Of the entries below, repeat exactly only those lines from the one containing "Tiffany& Co Pouch included" through the last line, with pictures omitted.

::: The records :::

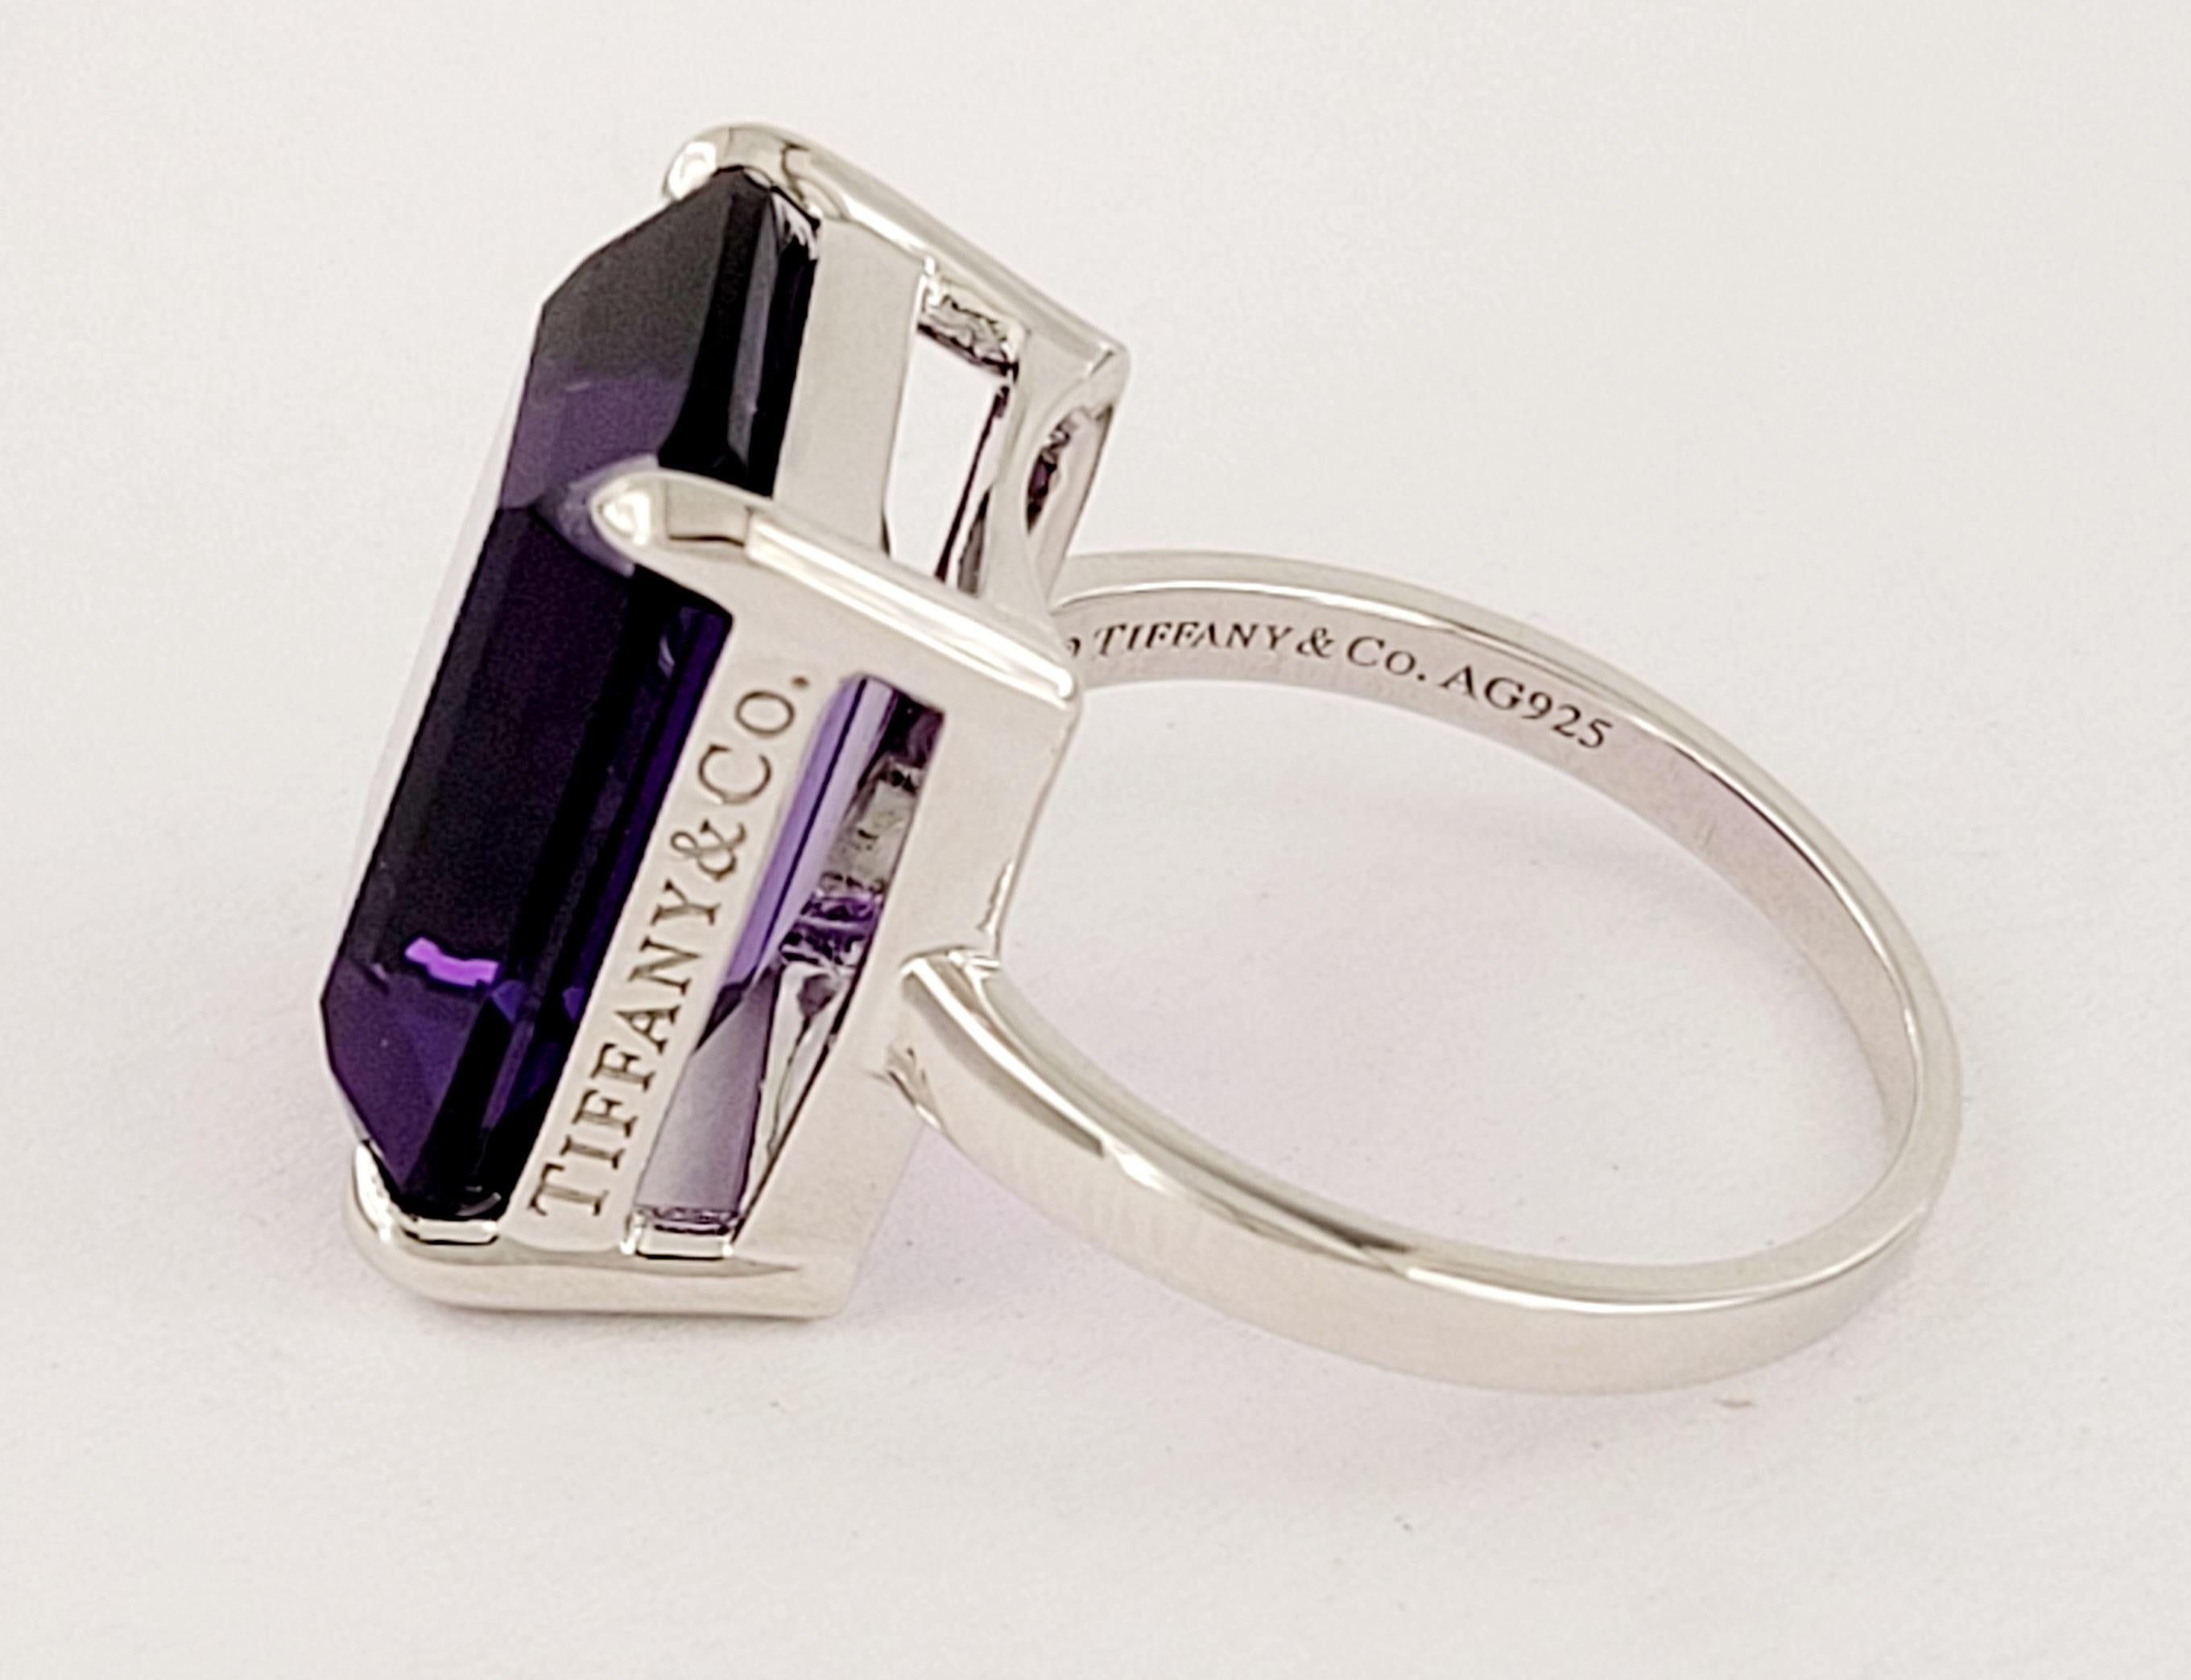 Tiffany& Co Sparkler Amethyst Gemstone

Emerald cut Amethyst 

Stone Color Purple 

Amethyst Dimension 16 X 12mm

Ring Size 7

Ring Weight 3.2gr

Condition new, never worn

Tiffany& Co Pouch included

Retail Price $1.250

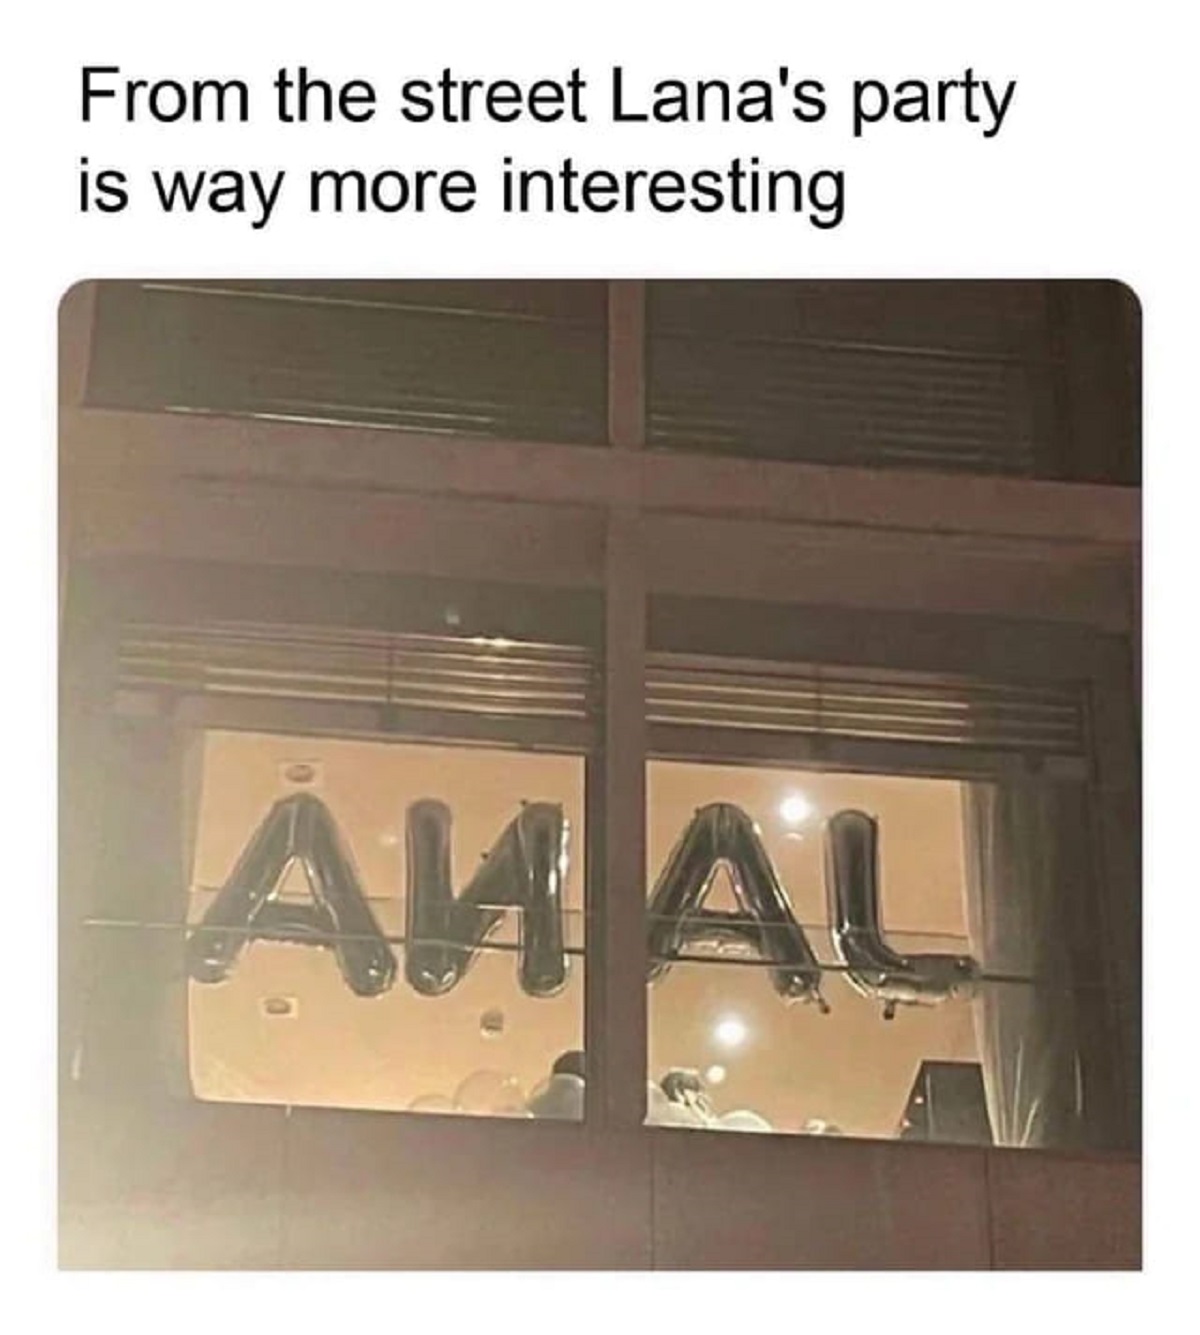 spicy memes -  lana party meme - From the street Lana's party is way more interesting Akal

:::

◆ **Reply to the task**:
Tiffany& Co Pouch included

Retail Price $1.250

 spicy memes -  lana party meme - From the street Lana's party is way more interesting Akal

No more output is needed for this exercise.